The nation is not quite as poisonous as it used to be.
The Centers for Disease Control and Prevention (CDC) yesterday released an analysis of Americans’ exposure to toxic chemicals that revealed we have lower levels of lead, pesticides, nicotine and other harmful substances compared with a decade ago.
“This is the most extensive assessment ever,” said Dr. Julie Gerberding, CDC director. “It shows we’re making tremendous progress, and that’s good news. Exposure to secondhand smoke continues to plummet, and blood lead levels in children are way down.”
That finding caused considerable excitement among the researchers. In the early 1990s, 4.4 percent of children ages 1 to 5 had elevated lead levels in their blood. The number has dropped to 1.6 percent, which Dr. Gerberding deemed “an astonishing public health achievement.” She credits the decrease to use of unleaded gasoline and better monitoring and treatment of lead exposure.
Public awareness of the hazards of environmental tobacco smoke also has paid off. The study says that levels of cotinine, a form of nicotine, decreased by 68 percent in children, 69 percent in adolescents and 75 percent in adults, compared with data taken between 1988 and 1991.
The pesticides aldrin, endrin and dieldrin are at “undetectable or very low serum levels.” The researchers called these findings “encouraging.”
Fears of mercury in tuna notwithstanding, the study finds that 95 percent of women ages 16 to 49 had mercury levels of 4.6 micrograms per liter of blood or less. Physicians become concerned when this number reaches 58 micrograms per liter of blood in women of childbearing age, a level that can cause birth defects.
The CDC says almost 6 percent of the women in this group have potentially hazardous levels of mercury in their blood and recommended more research and monitoring.
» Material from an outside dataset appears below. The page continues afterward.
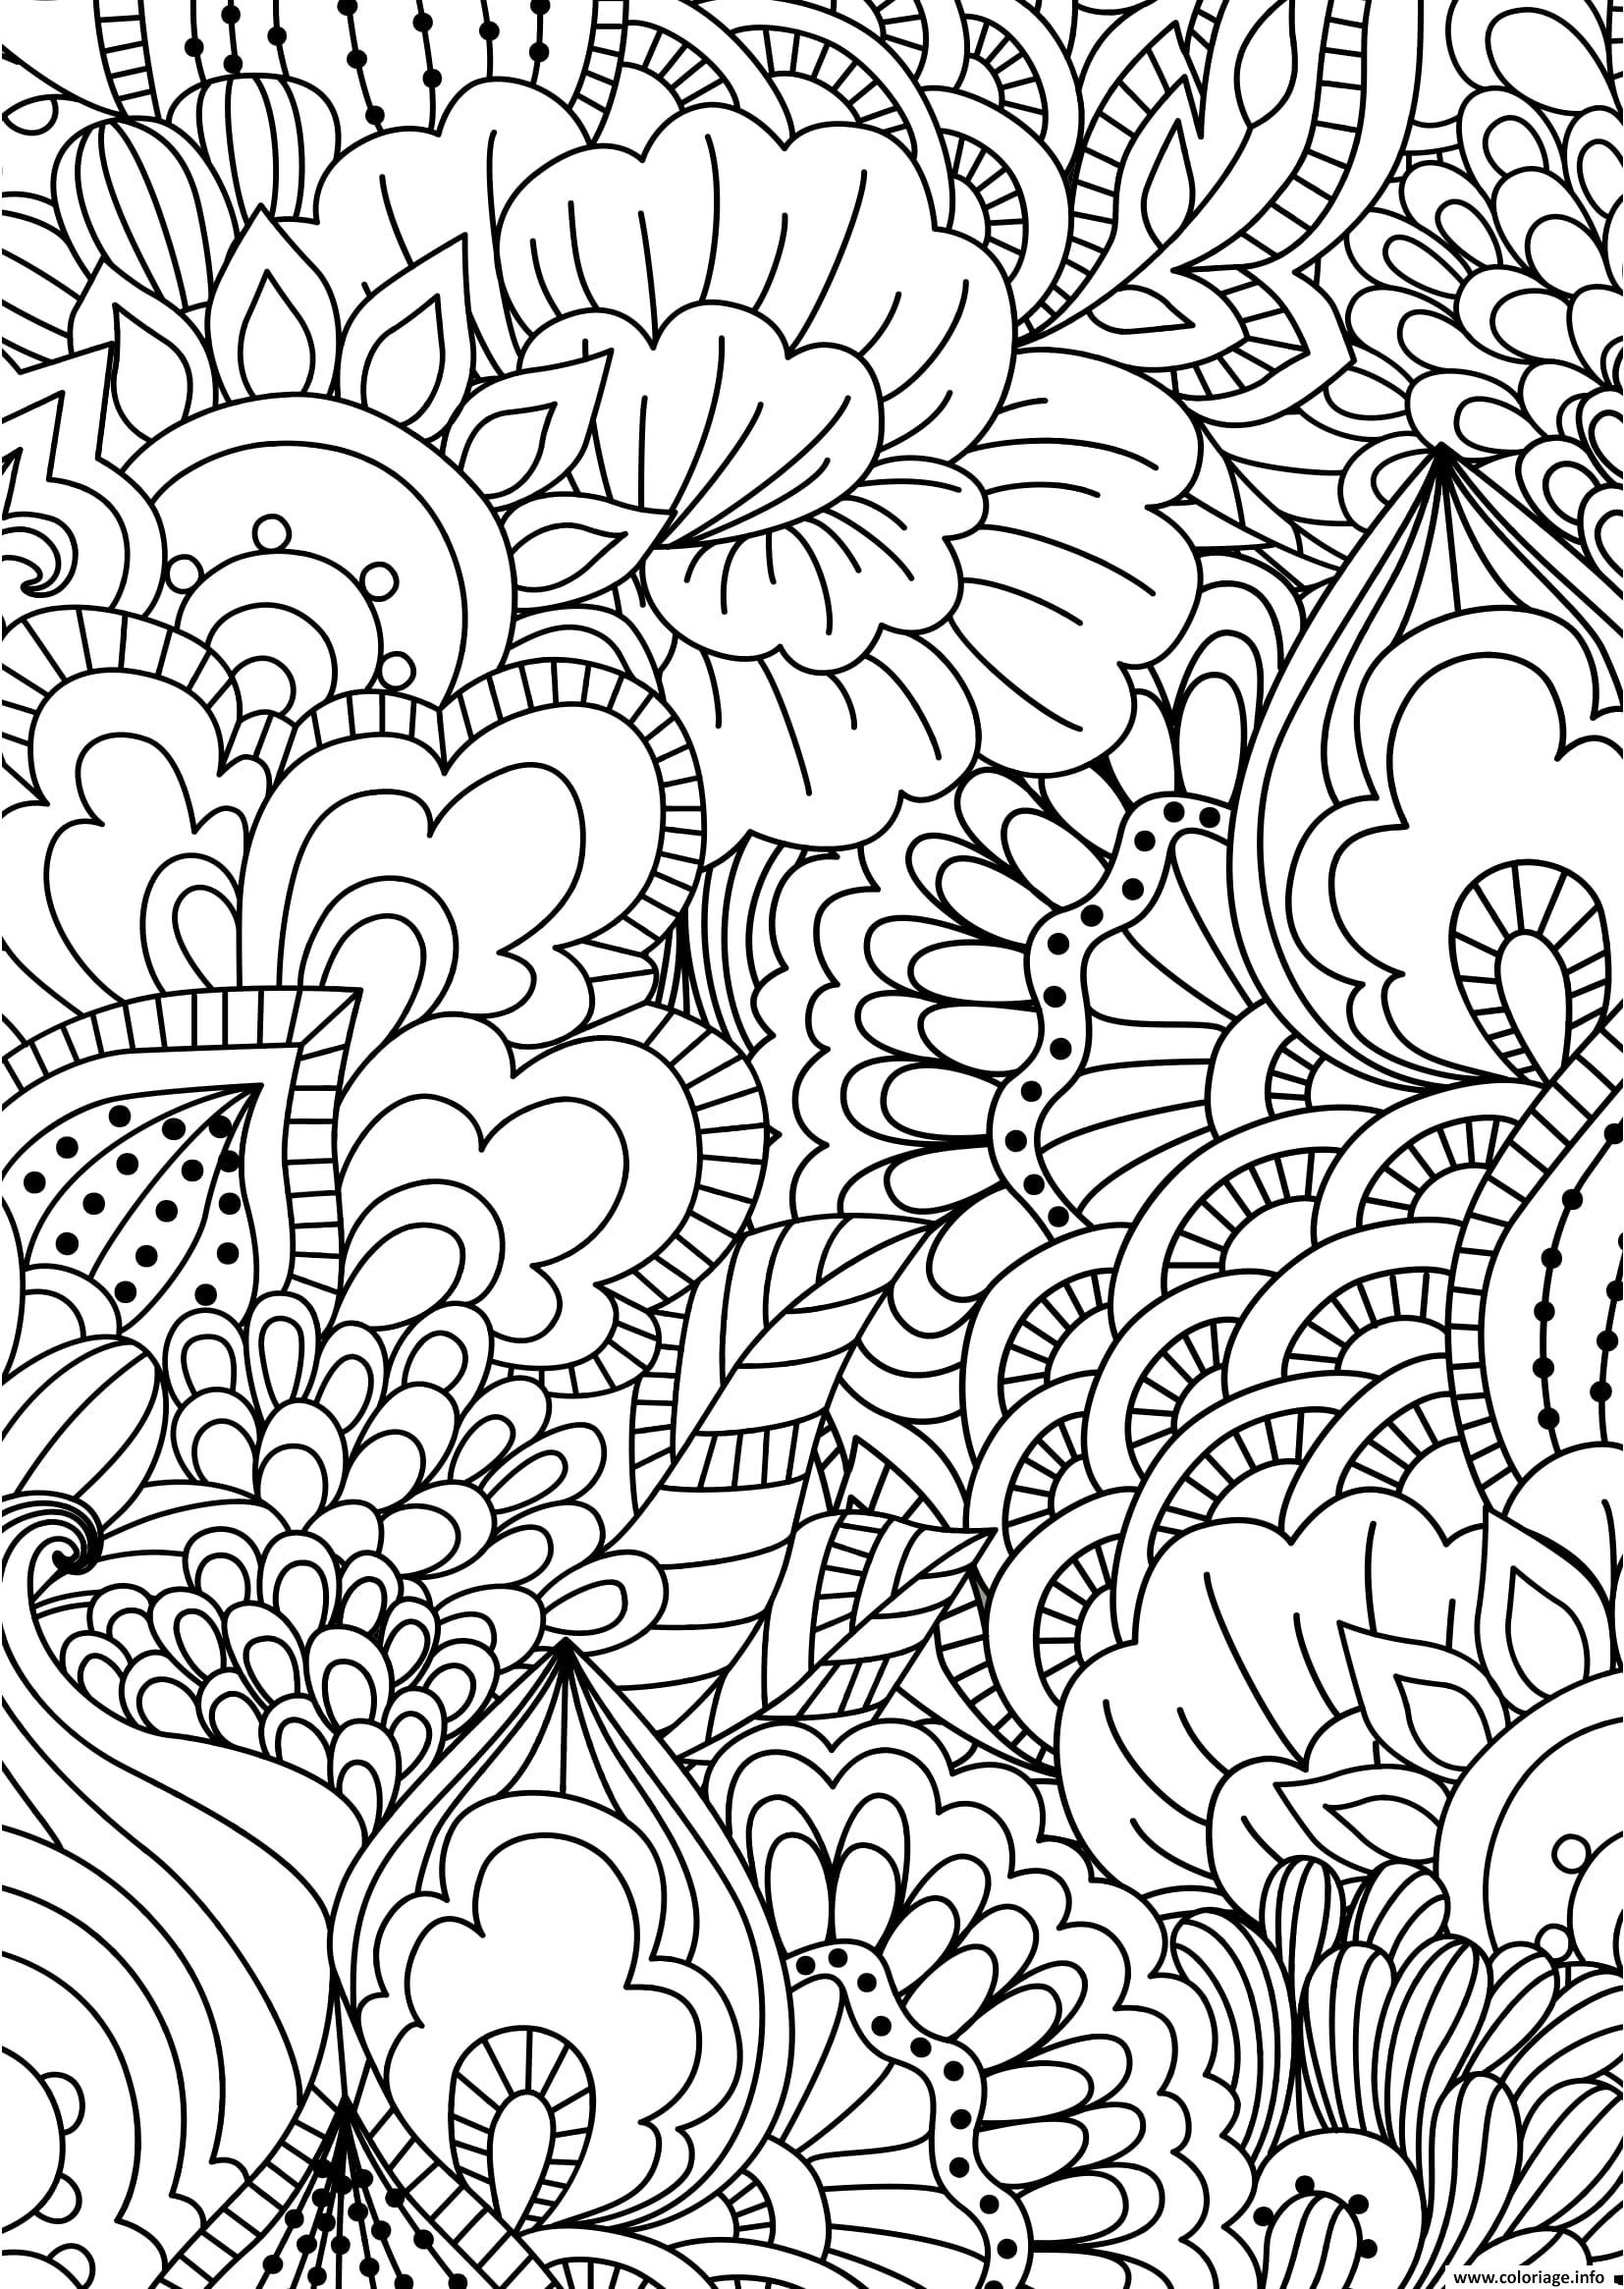 Coloriage Fleurs Adulte Pattern Zentangle dessin

The study, the third in an ongoing series at the agency, measured the levels of 148 potentially dangerous substances in the bodies of about 2,400 people nationwide through blood and urine analysis between 1999 and 2002. Those substances typically are encountered through air, soil, water, dust or food.
This year’s results “help relieve worry and concern,” Dr. Gerberding said.
Others are not so relieved. The American Chemistry Council, a trade group representing pesticide manufacturers, gave the CDC accolades for its “biomonitoring efforts” but questioned its overall recommendation that harmful levels of environmental chemicals warrant even closer research.
CropLife America said pesticides already were “the most intensely researched, tested and regulated chemicals in the United States.”
The Washington-based World Wildlife Fund, meanwhile, said the CDC report “falls short in recognizing the scale of chemical exposure to people and wildlife,” said director Clif Curtis, who recommended the agency include “brominated flame retardants and perfluorinated chemicals” in its next analysis.